Ainda não há um número fechado de estados que aprovaram leis semelhantes, uma vez que os projetos tramitam em ritmos diferentes nas Assembleias Legislativas. No entanto, segundo o autor da lei original, a maioria dos estados já apresentou propostas inspiradas na norma fluminense, o que demonstra o impacto nacional da iniciativa.
A memória na luta contra o racismo e políticas públicas
A presença e a valorização de atletas negros no esporte vão além das vitórias em campo ou nas quadras. Elas representam um ato de resistência diante de um cenário marcado por apagamentos históricos e desigualdades estruturais. Reconhecer essas trajetórias é essencial para fortalecer a luta antirracista, promovendo referências positivas e incentivando o protagonismo de novas gerações.
- A memória e a valorização de atletas negros são fundamentais para a luta antirracista, pois faz com que estes atores sociais sejam protagonistas e gestores da sua própria história de luta e símbolo de resistência, uma vez que ainda têm sido apagados e ignorados. Ao reconhecer as conquistas desses atletas e contar suas trajetórias, cria-se uma base para inspirar novas gerações e conscientizar o público sobre o racismo e as contribuições históricas dos negros no esporte. Essa valorização dos atletas negros também serve como uma ferramenta de combate ao racismo, ao evidenciar que, com políticas que apoiam a diversidade e inclusão, mesmo com as barreiras impostas pelo racismo estrutural, podem criar grandes talentos no esporte - detalha Patricia.

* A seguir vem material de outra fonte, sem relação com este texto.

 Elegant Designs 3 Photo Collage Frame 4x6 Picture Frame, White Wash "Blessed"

Além da visibilidade, é preciso que as ações antirracistas se concretizem em políticas públicas eficazes e duradouras. Para Patricia, combater o racismo no esporte não se resume à punição de atos discriminatórios, mas exige um compromisso contínuo com a promoção da diversidade e da inclusão.

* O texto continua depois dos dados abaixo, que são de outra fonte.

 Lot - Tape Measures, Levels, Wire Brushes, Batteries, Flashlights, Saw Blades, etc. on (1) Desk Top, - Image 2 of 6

- Para que as políticas públicas de combate ao racismo no esporte sejam mais eficazes, é necessário ir além da punição. É fundamental promover uma cultura de diversidade e inclusão, o que inclui educação antirracista nas escolas e clubes esportivos, formação contínua para treinadores e dirigentes, campanhas permanentes de conscientização e suporte psicológico para atletas que sofrem discriminação. É fundamental garantir a representatividade negra nos espaços de decisão esportiva, assegurando que suas vozes e dores sejam ouvidas - concluiu.
Com quase dois anos desde sua aprovação, a Lei Vini Júnior permanece como um marco legal importante no enfrentamento ao racismo no esporte. No entanto, por si só, ela ainda não impede que casos de discriminação ocorram nos gramados brasileiros.

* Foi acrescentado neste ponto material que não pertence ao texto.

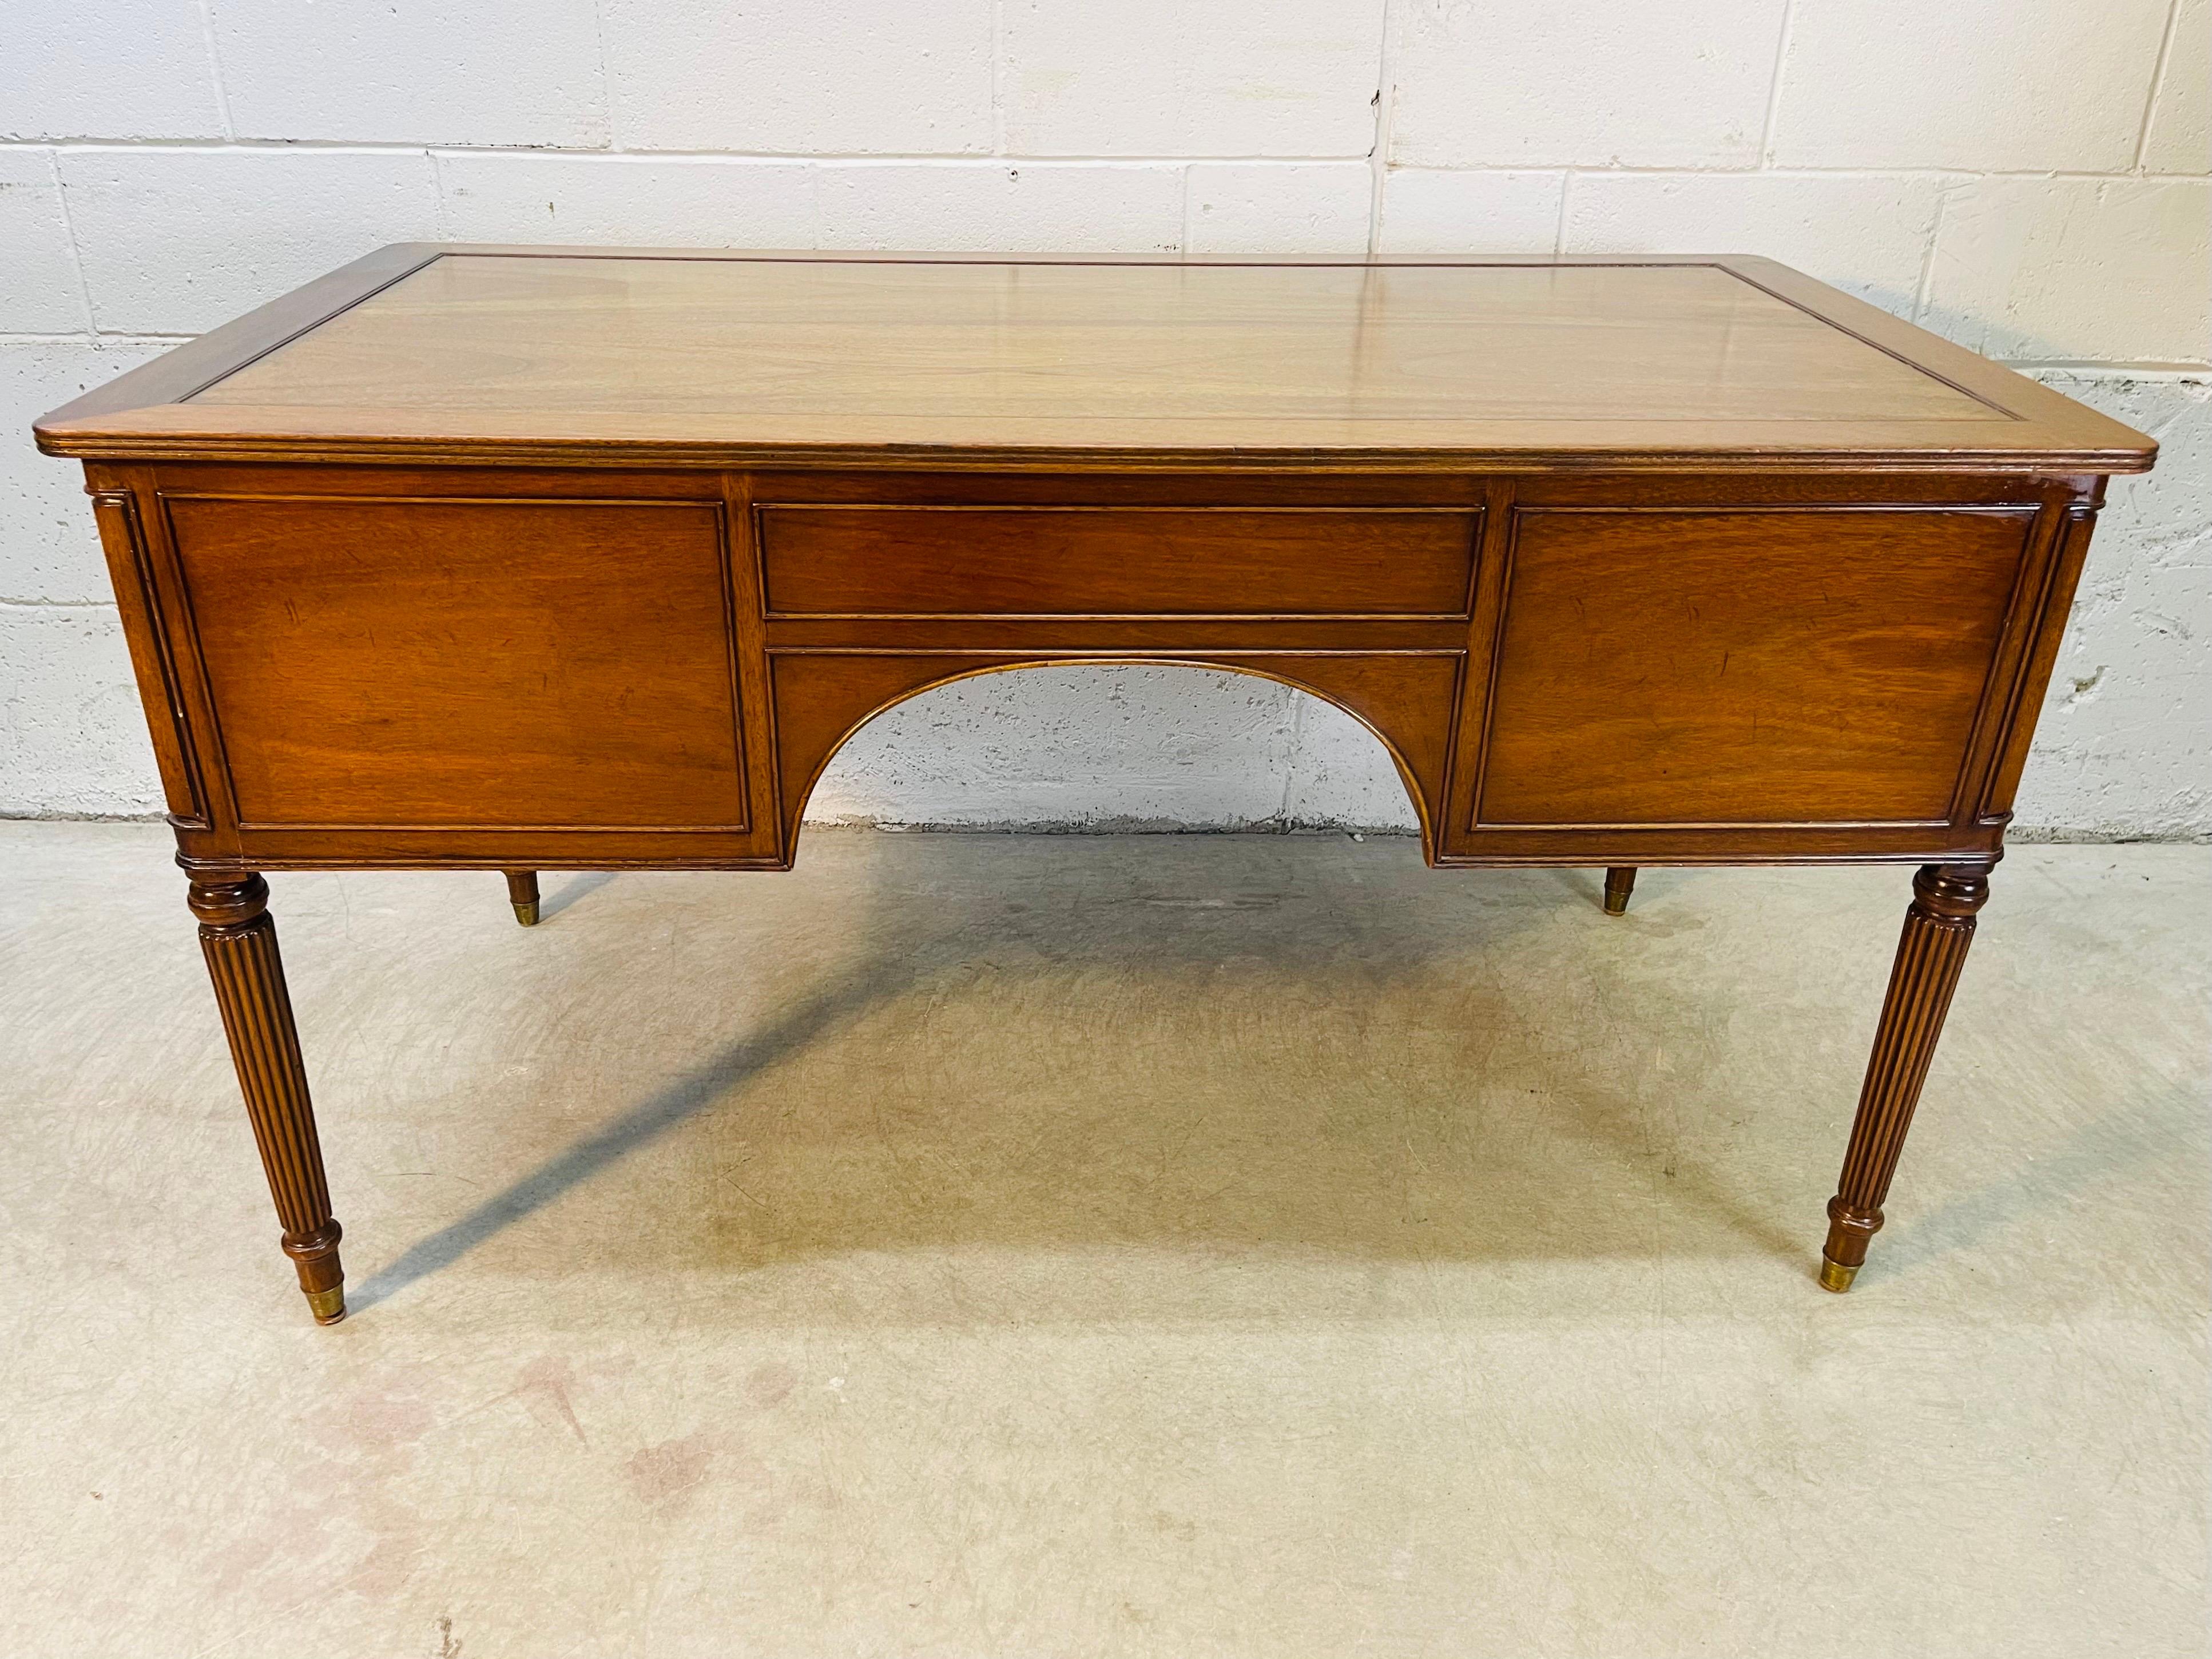 English Neoclassical Sheraton Style Mahogany Desk by Kittinger For Sale 6

Recentemente, o Ministério Público do Paraná (MP-PR) denunciou o meia Miguelito, do América-MG, por injúria racial contra o atacante Allano, do Operário. O caso aconteceu durante uma partida válida pela sexta rodada da Série B do Campeonato Brasileiro. As decisões do árbitro na partida seguiram recomendações da CBF (Confederação Brasileira de Futebol), baseadas na chamada 'Lei Vini Jr.'.
Mesmo com casos recentes, o desafio continua sendo garantir a plena aplicação da lei, promover a educação dos profissionais do esporte e ampliar os protocolos de combate a todas as formas de discriminação, dentro e fora dos gramados. A luta continua.